Fuel’s ‘Love Letters Straight from the Heart’ was authored with the audience, who submitted their own love letters to become part of the show. Last month The Albany in Deptford allowed young people to take over the venue in a week-long festival. Through FanMade Theatre, London Bubble gives its audiences a say in the artistic programme; an extension of its belief that “theatre is something that happens between people, not to them,” an idea supported by Charles Leadbeater who, in ‘The Art of With’, argues that the underlying principle of Web 2.0 is doing things “with people rather than to or for them”.

SUSTAIN PEDAL
So, 12 months on, how is the picture looking? There are definitely some positive signs. Lyn Gardner blogged recently about a shift towards collaborative creativity. Arts Council England (ACE) has appointed 150 peer assessors to help evaluate the performance of its Regularly Funded Organisations – a positive move, but would it dare to go that step further and appoint people who are merely punters who would like to contribute to where their public funding goes? And of course we’ve had the extraordinarily un-aptly named Sustain fund which, whilst in theory designed to fund organisations that were willing to “implement change to ensure their long-term sustainability”, in practice seemed merely to prop up those that were well-funded in the first place and ACE feels cannot be allowed to fail.

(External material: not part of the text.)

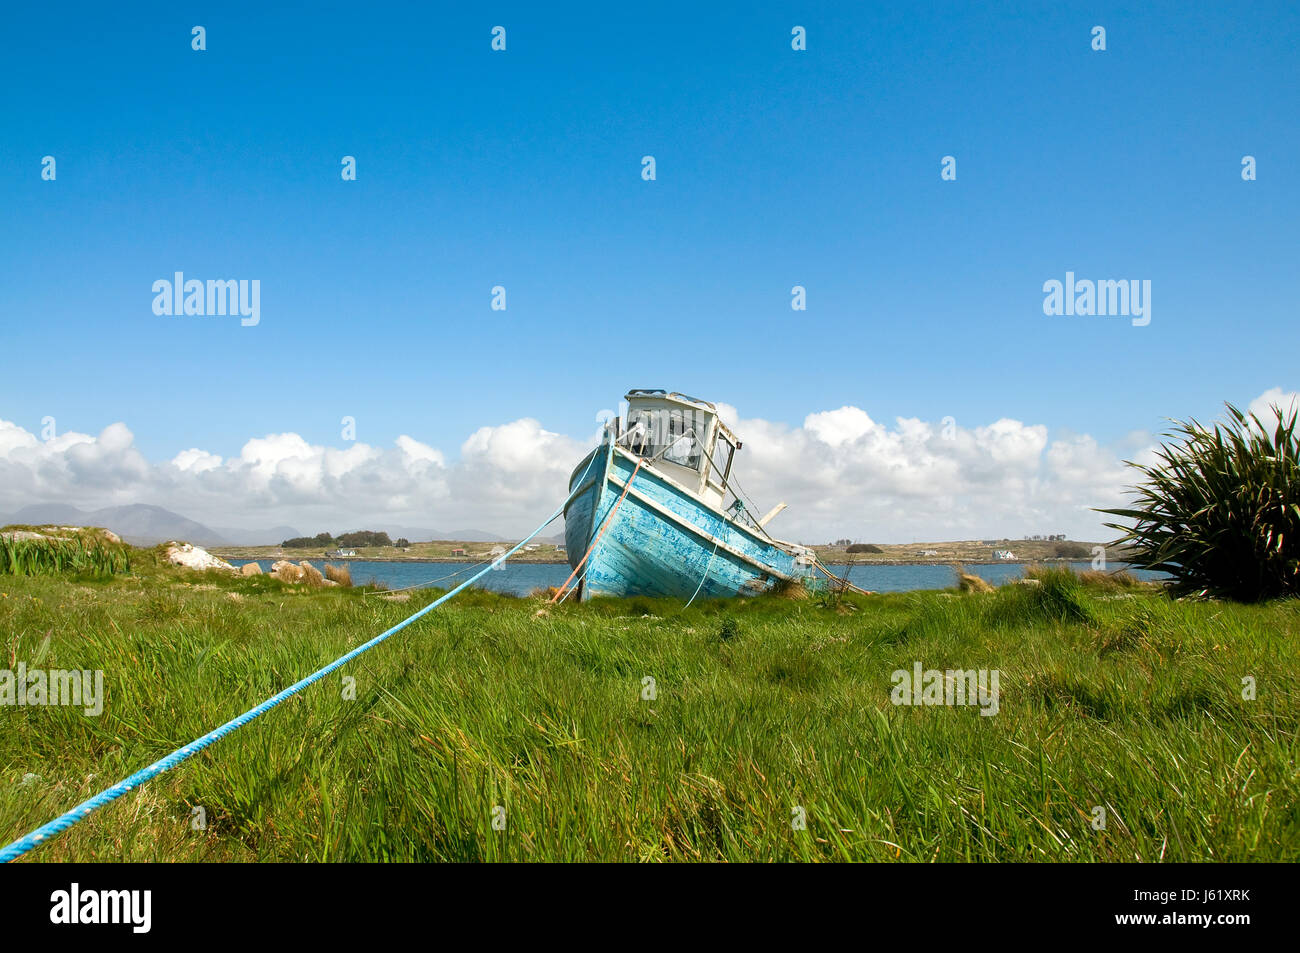 https://c8.alamy.com/comp/J61XRK/fishing-boat-on-dry-land-J61XRK.jpg

That’s one of the biggest challenges. If we are to create a sustainable arts sector we need to fundamentally rethink models of funding and operating. That means taking risks. Along the way jobs may be cut and venues may be closed. Funders cannot keep bailing out organisations simply because they are seen as part of the cultural establishment at the expense of those that are genuinely trying to become sustainable. It’s sad that the Institute of Contemporary Arts is fighting for its life, but maybe the grim truth is that it’s past its sell-by date and other, newer players have taken over its mantle.
Each organisation will find its own model, but my personal hope is that the future will be less about doing to and more about doing with; less about competition and more about collaboration; less about structure and more about fluidity; and less about doing too much with not enough and more about doing less better. Change will be imperfect, flawed and messy, but as we face up to an election and the threat of yet more cuts, the status quo is not an option. Evolution or extinction? I know which I’d choose.
 

DEBBI CHRISTOPHERS is a Senior Consultant with Naomi Russell + Partners.